The Churn dashboards provide two complementary views:

Page	Description
Customer Level Churn Analysis	Predicts customers likely to churn completely, showing revenue at risk and ranking at-risk customers.
Product Level Churn Analysis	Highlights product-level churn risk—that is, customers leaving specific products. A single customer may discontinue one or several products.

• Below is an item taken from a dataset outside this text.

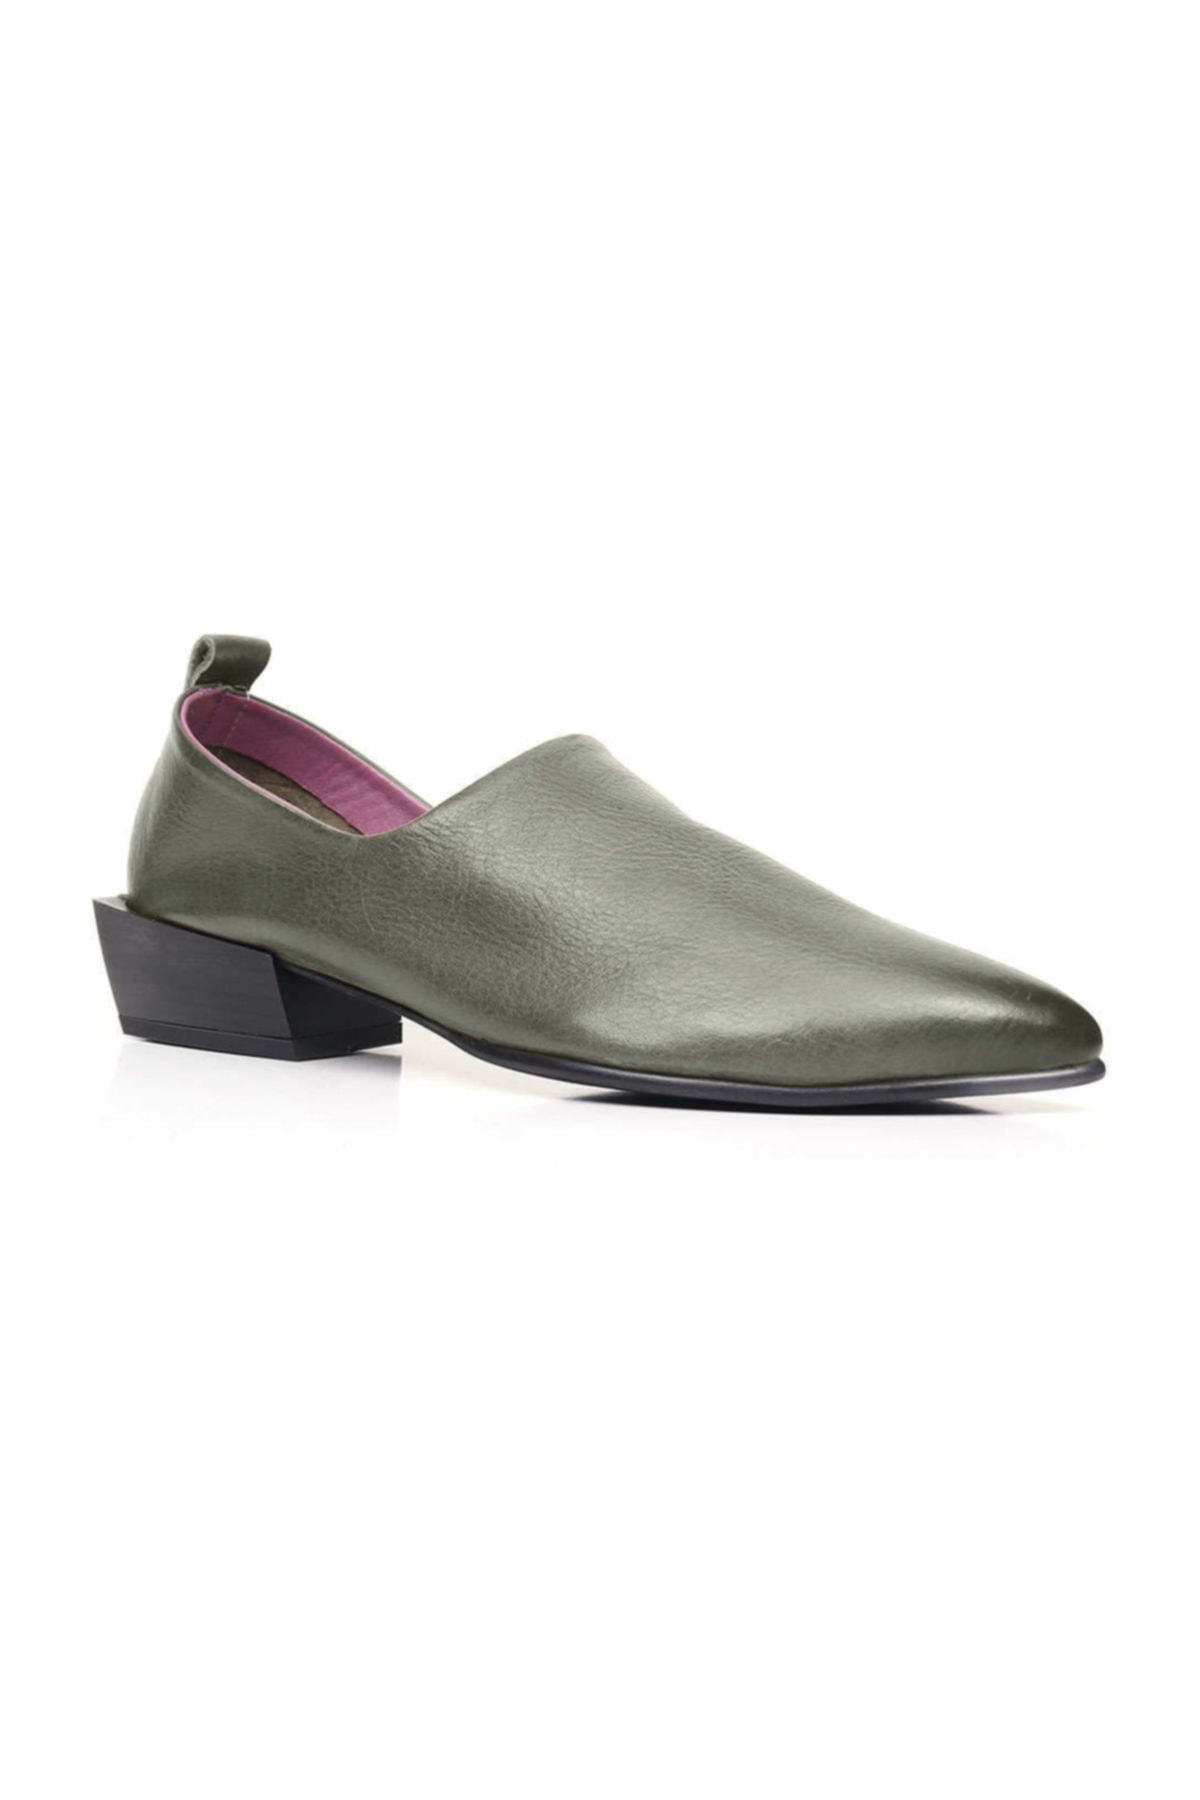 BUENO Shoes  Kadın Ayakkabı 9p7112 1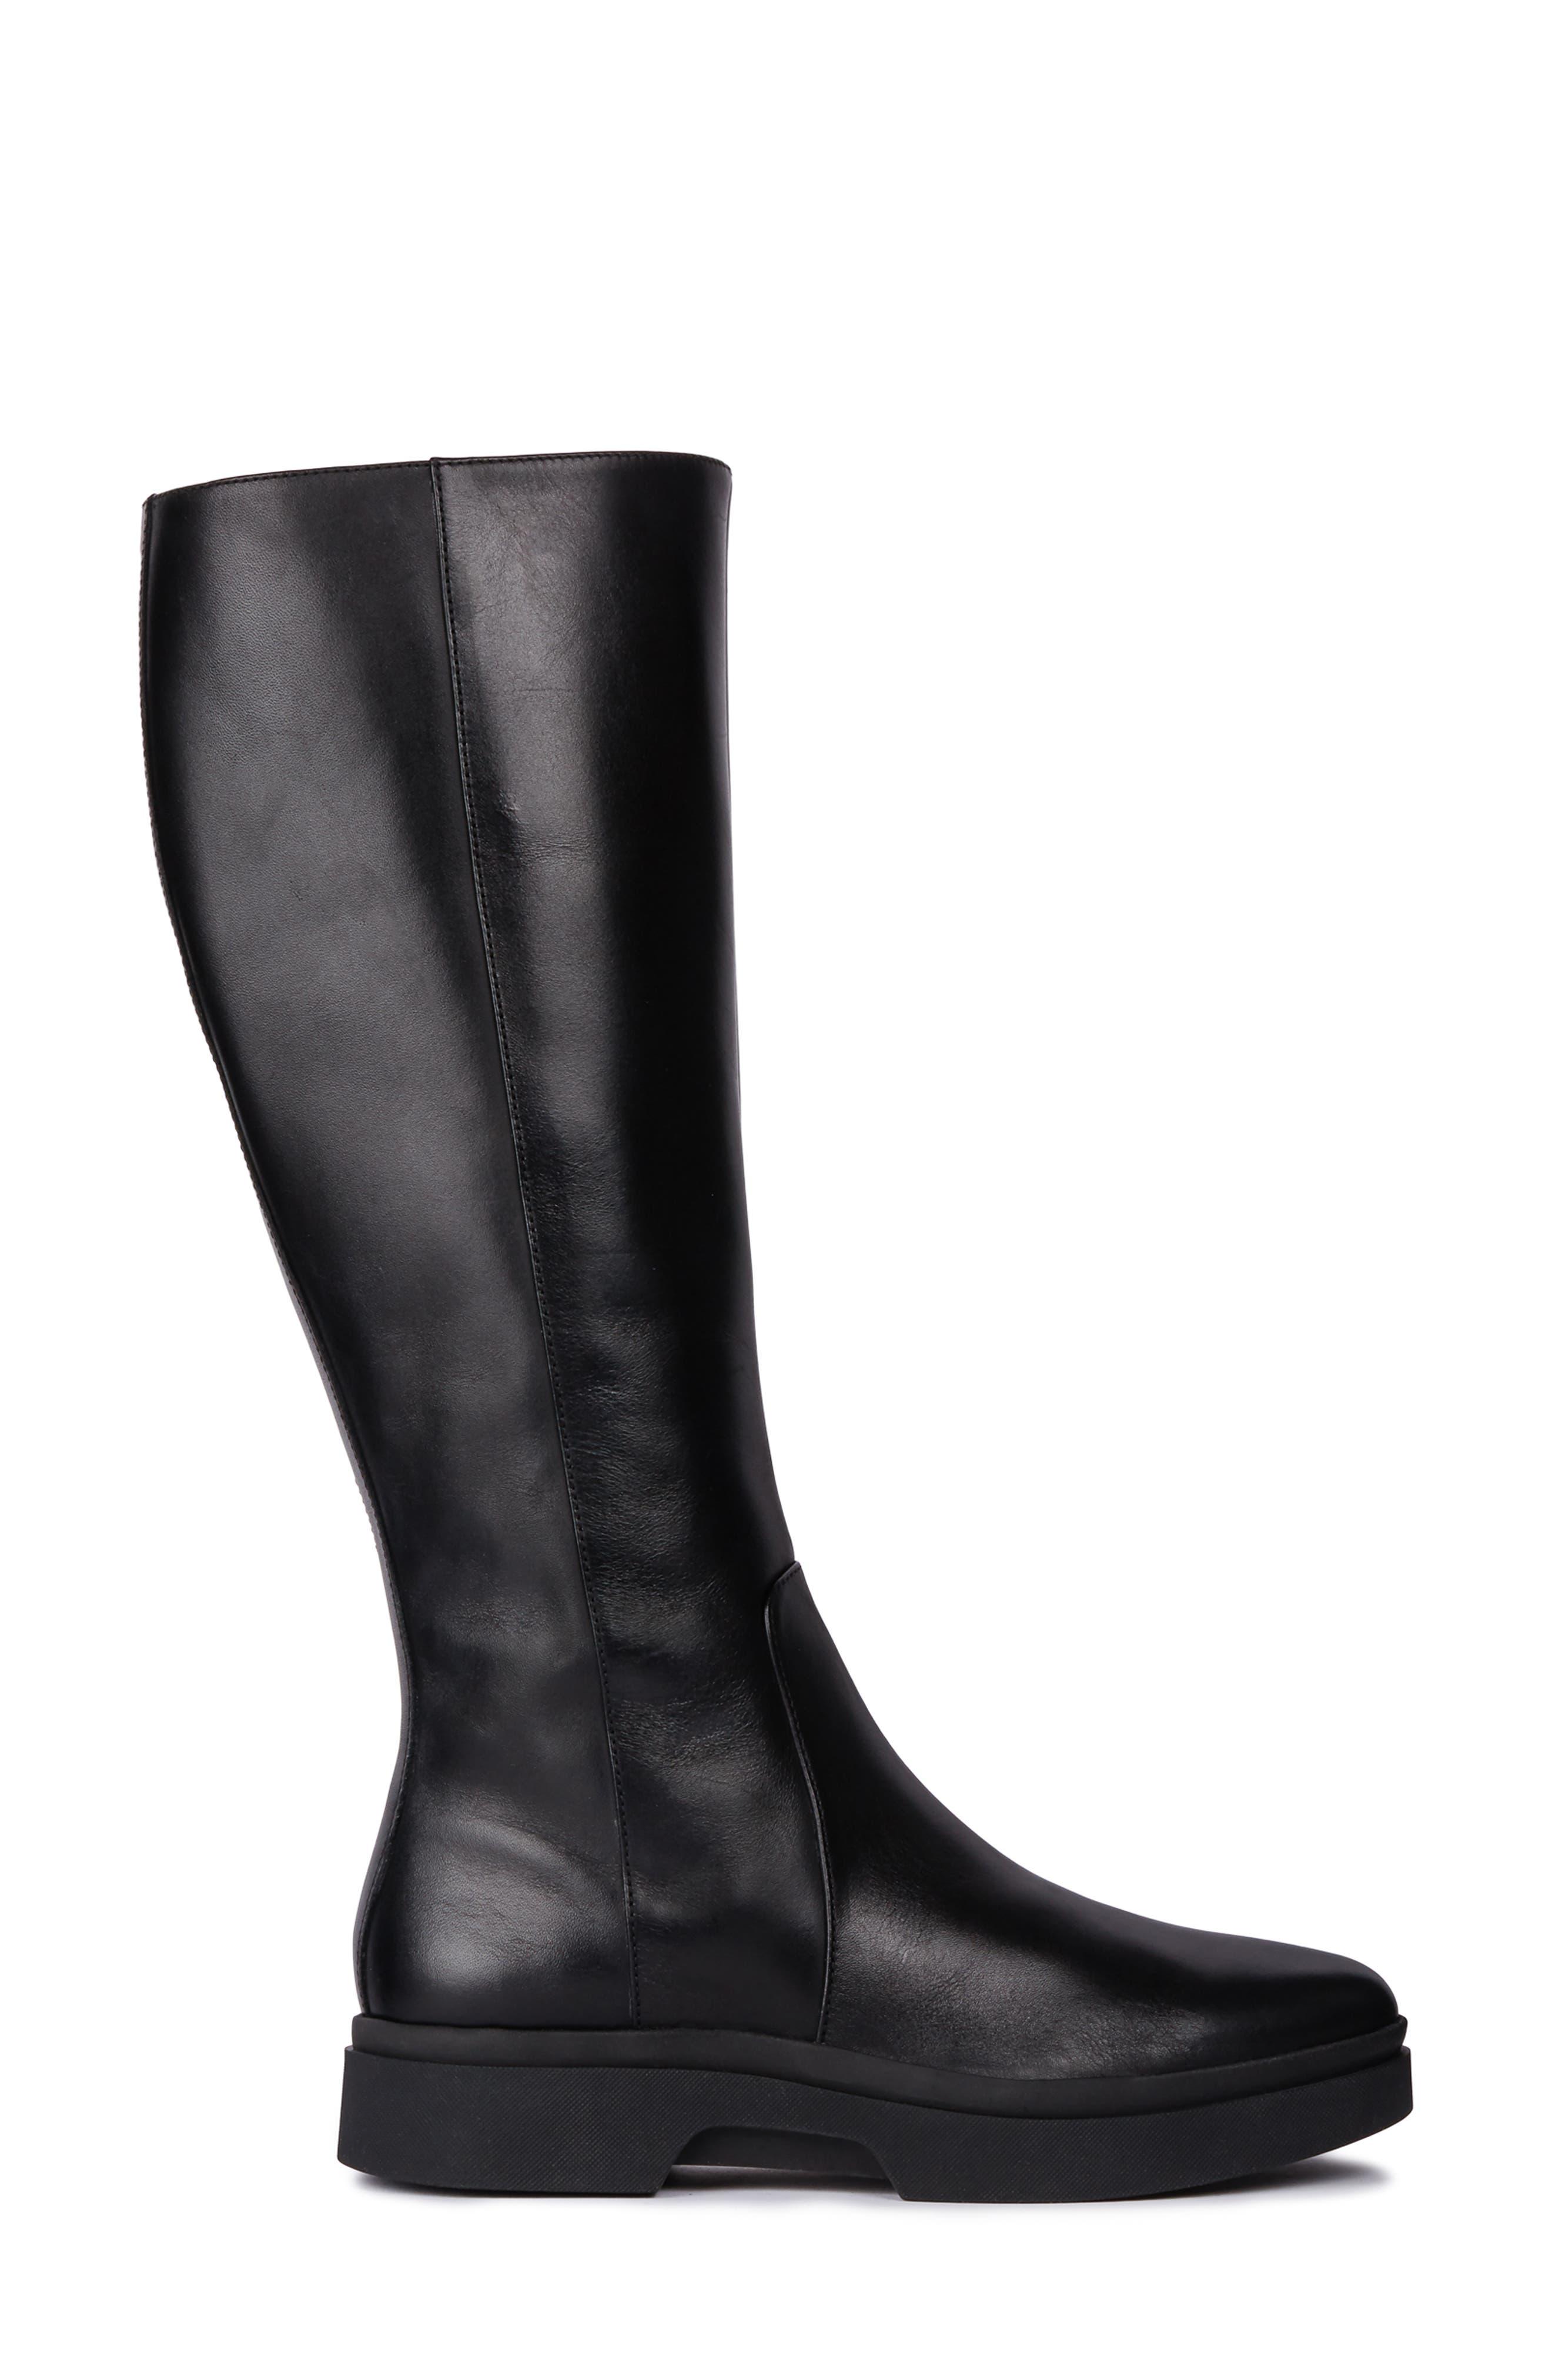 Myluse Knee High Platform Boot,                             Alternate thumbnail 3, color,                             BLACK LEATHER

The dashboard consists of revenue at risk, product insights and at-risk customer-product table.

Customer Level Churn Analysis dashboard#

This dashboard provides a client-centric view of predicted churn. It focuses on identifying customers likely to exit their entire product relationship with the bank within the next 3 months. These insights support targeted retention and prioritization by customer value (for example, revenue or tier).

This dashboard shows:

Customers who are forecasted to churn completely
Predicted churn rate vs. historical churn trends
Revenue at risk if predicted churners leave
Churn segmentation by tier and customer profile
A ranked list of individual at-risk customers

Product Level Churn Analysis dashboard#

Product Level Churn Analysis dashboard provides a granular view of churn risk across individual products held by customers. It highlights which products are most at risk, how churn is distributed by type and tier, and helps prioritize product-specific retention actions.

This dashboard shows:

Churn predictions at the customer-product-month level
Top products with the highest churn probability
Product-wise revenue at risk
Segmented churn rates by tier and product
A detailed list of at-risk customer-product pairs

Adaptability across industries#

The Churn Prediction Solution is data-model agnostic, built around a simple structure of customer-product-time. This makes it easy to adapt to multiple industries by only remapping inputs, for example:

Telecom: Product = plan/service, revenue = bills or ARPU, balance = prepaid/unpaid amounts.

Insurance: Product = policy, revenue = premiums, balance = claims or reserves.

Subscriptions (OTT, SaaS, retail memberships): Product = subscription, revenue = fees, optional = logins or consumption.

The recipes and pipelines remain unchanged; only the data mapping and churn rules shift as per business requirements, allowing the framework to serve as a flexible churn engine across industries.

Reproduce with minimal effort for your data#

This Solution helps users identify and prioritize customer churn risk in Dataiku—from data preparation to classification and visualization.

This guide outlines multiple ways to derive value. The “best” setup depends on your data and goals. To adapt this project to your organization’s specific needs, Dataiku offers roll-out and customization services upon request.